↓

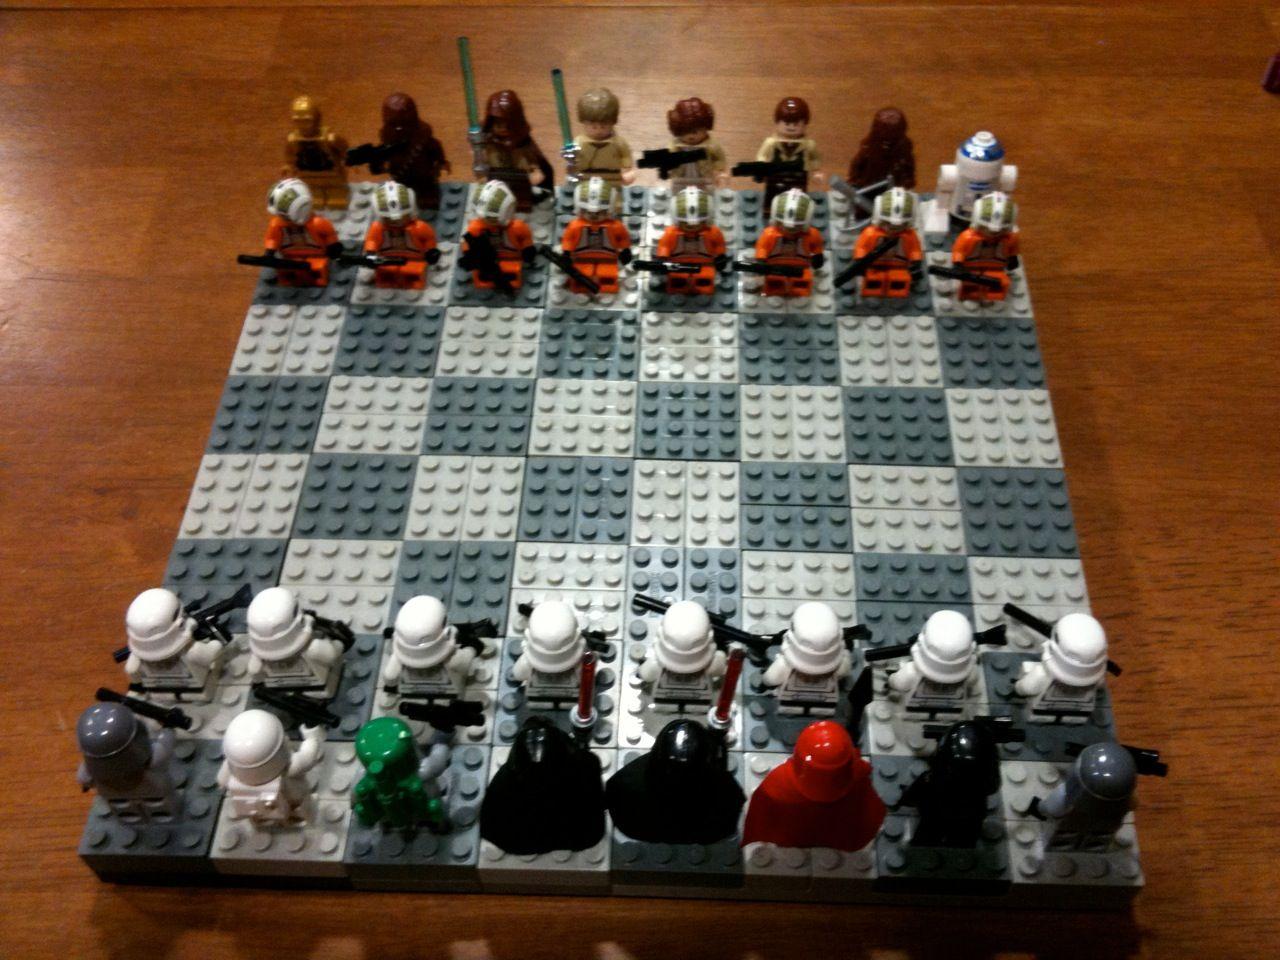 Delightful Lego Star Wars Google Image Result For  Https://images.nonexiste.net/popular/wp Content/uploads/2011/12/Lego Star Wars  Chess.jpeg
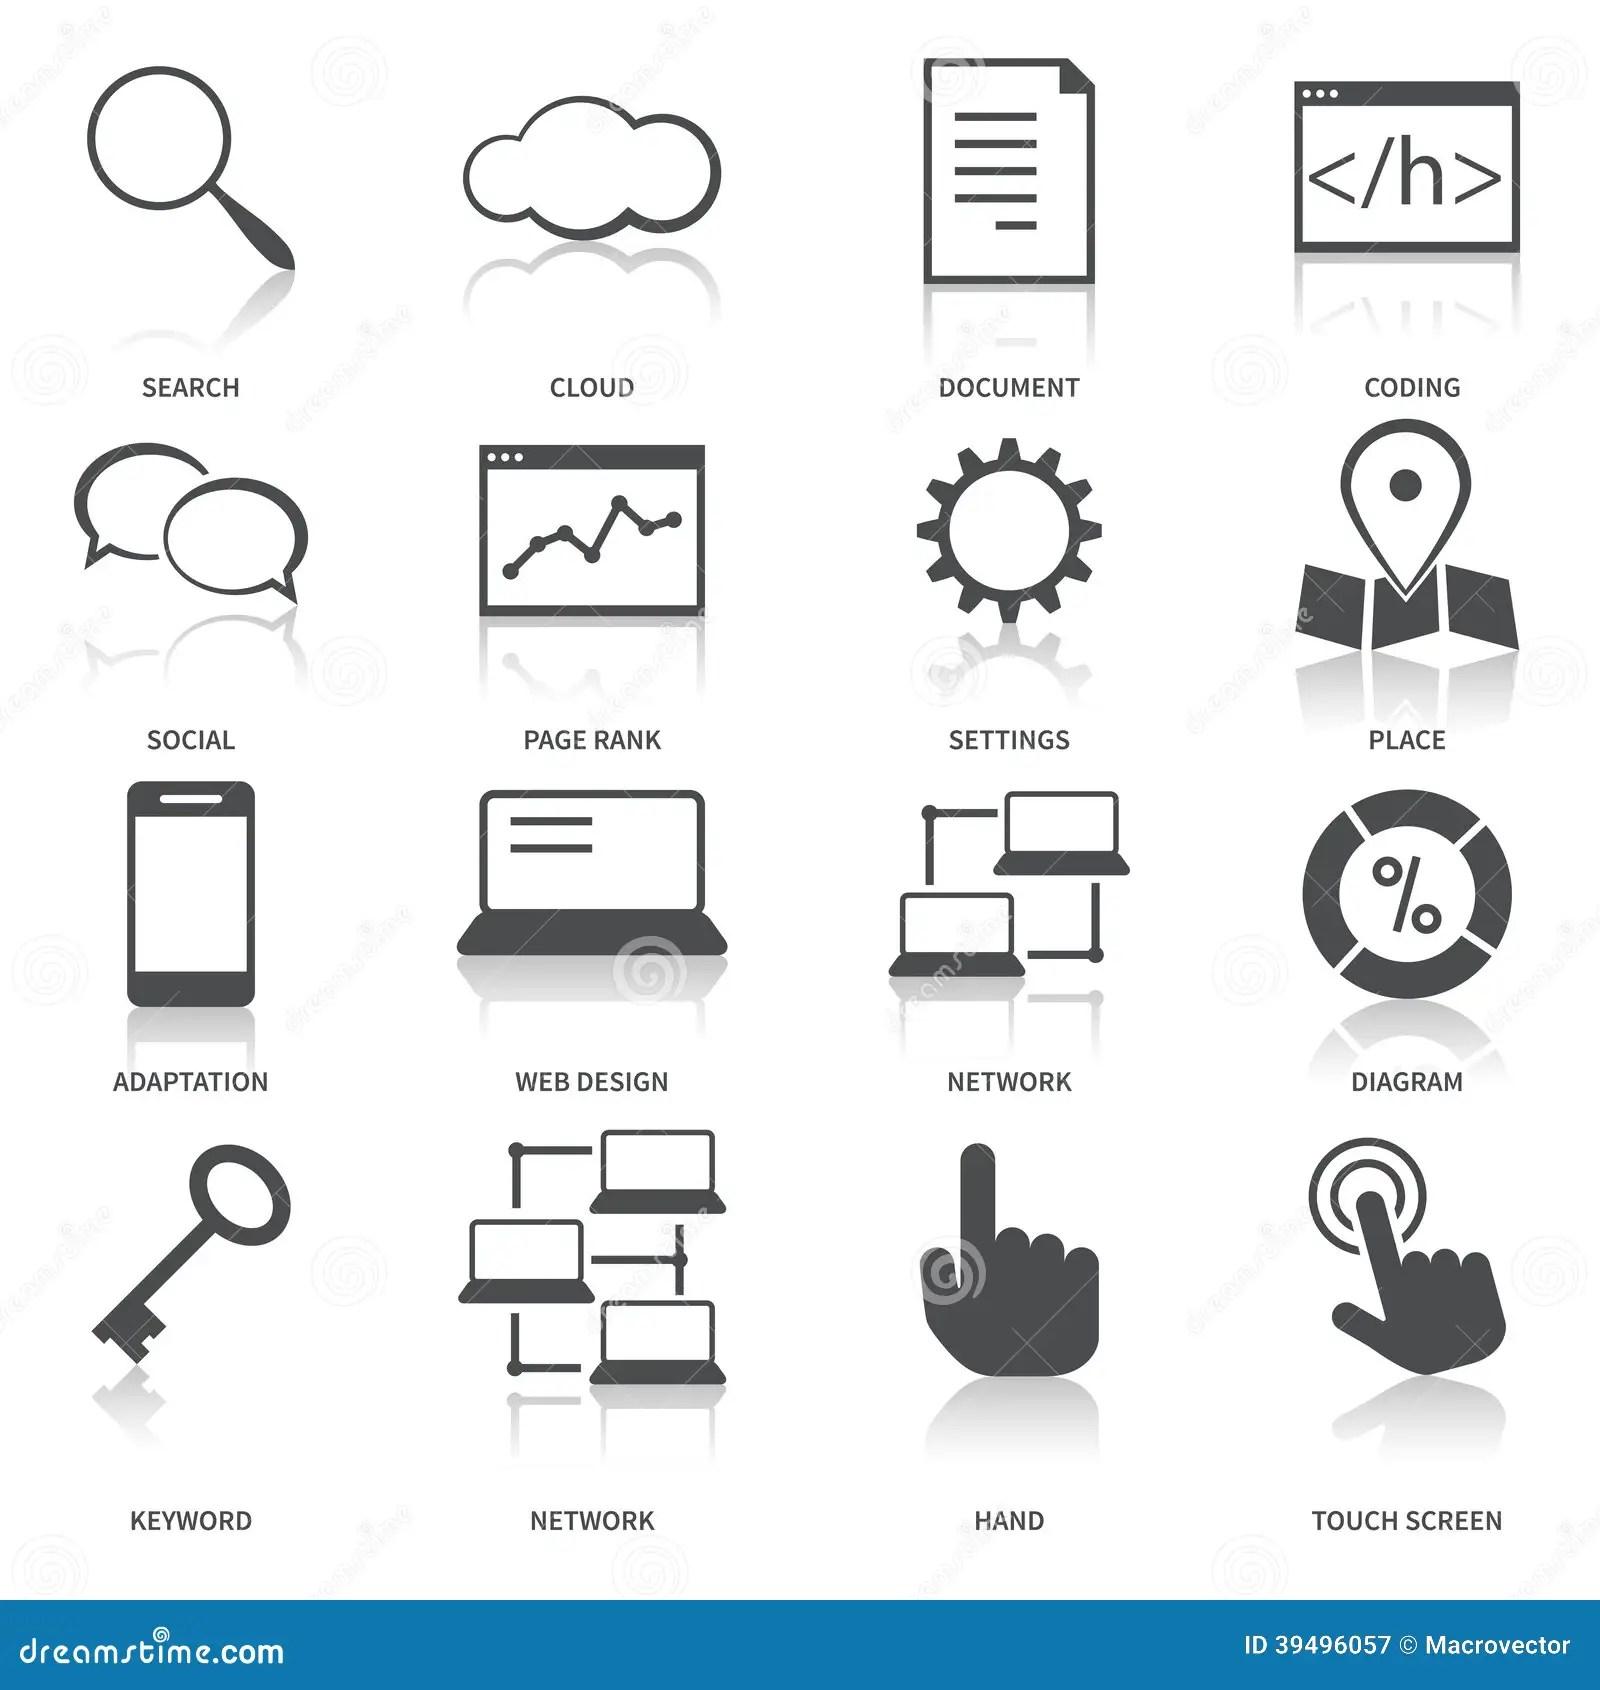 Icones Da Otimizacao Do Search Engine Ajustados Ilustracao
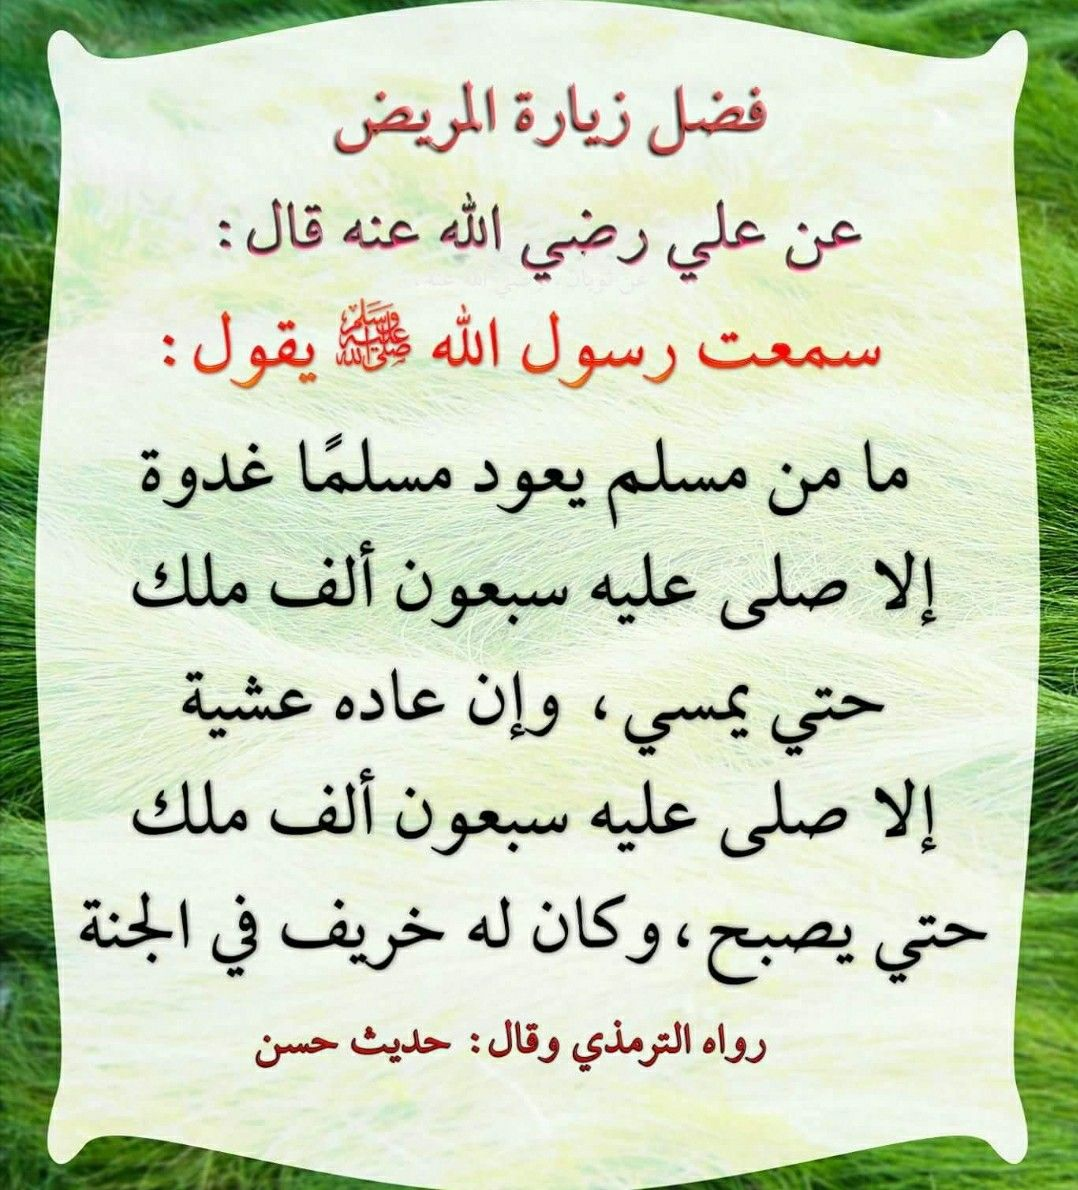 Pin By Nadjet Mihoubi On Faith ايمان Islam Hadith Calligraphy
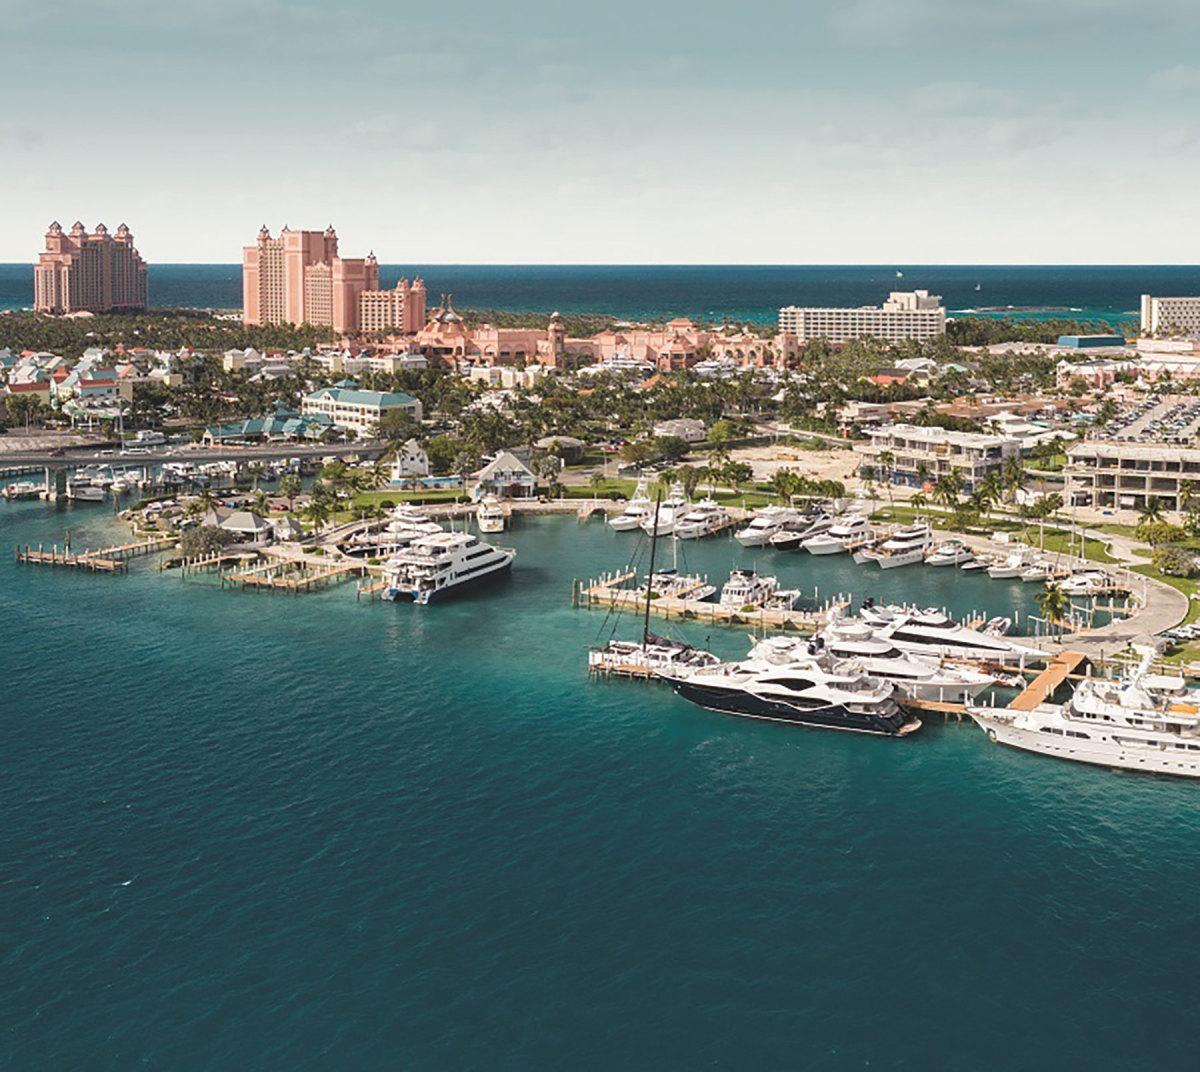 Aerial view of original Hurricane Hole Marina
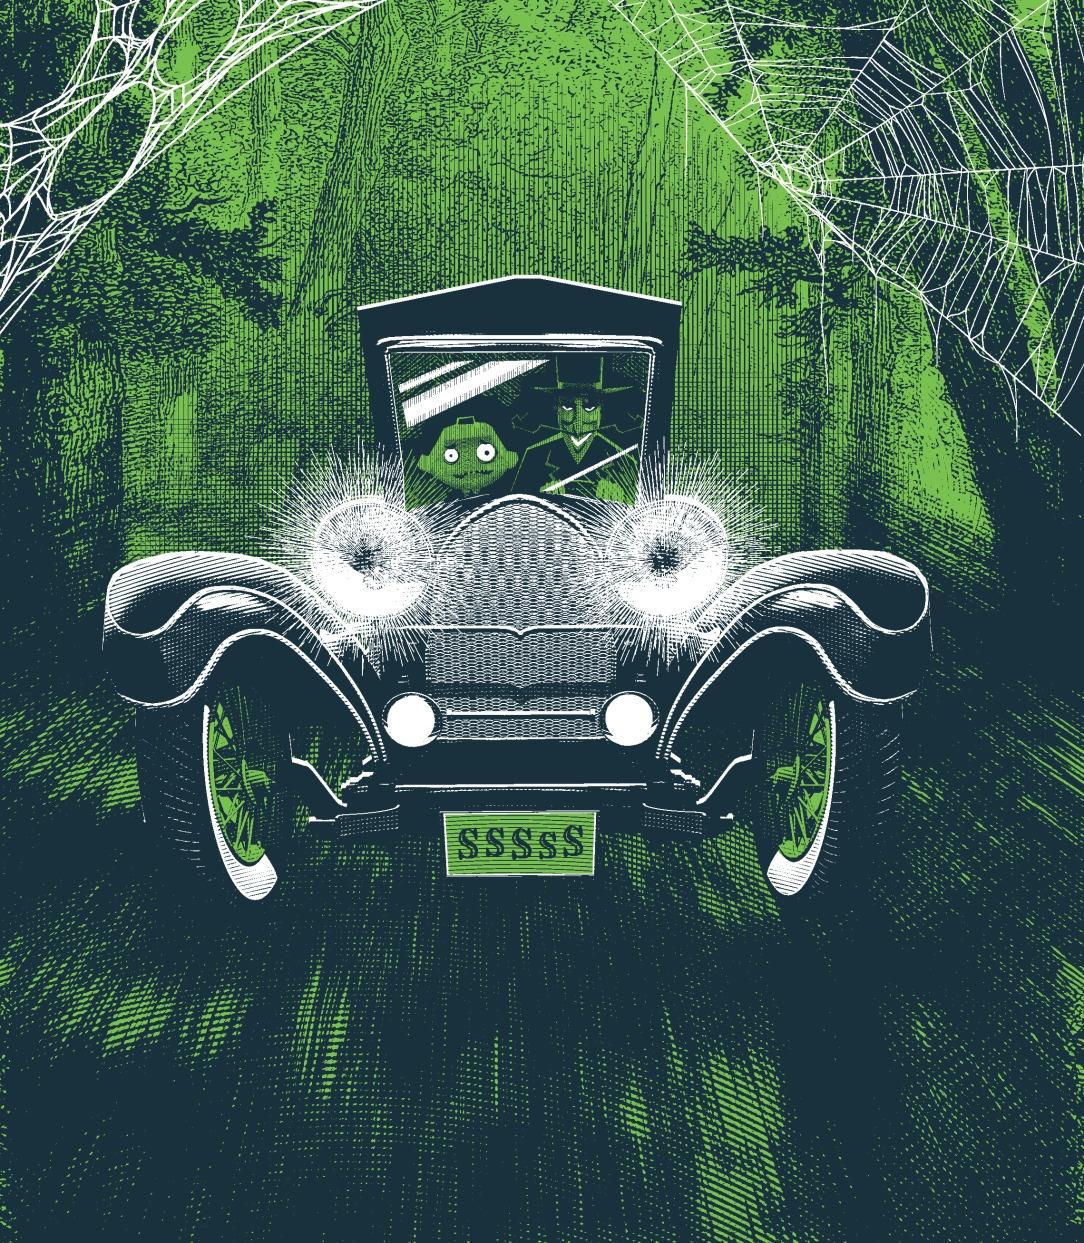 barb-warren-whispering-woods-p99

↑

§ Task
All of the material above is to be copied exactly, except for its images.

§ Exercise result
 Delightful Lego Star Wars Google Image Result For  Https://images.nonexiste.net/popular/wp Content/uploads/2011/12/Lego Star Wars  Chess.jpeg
 Icones Da Otimizacao Do Search Engine Ajustados Ilustracao
 Pin By Nadjet Mihoubi On Faith ايمان Islam Hadith Calligraphy
 Aerial view of original Hurricane Hole Marina
 barb-warren-whispering-woods-p99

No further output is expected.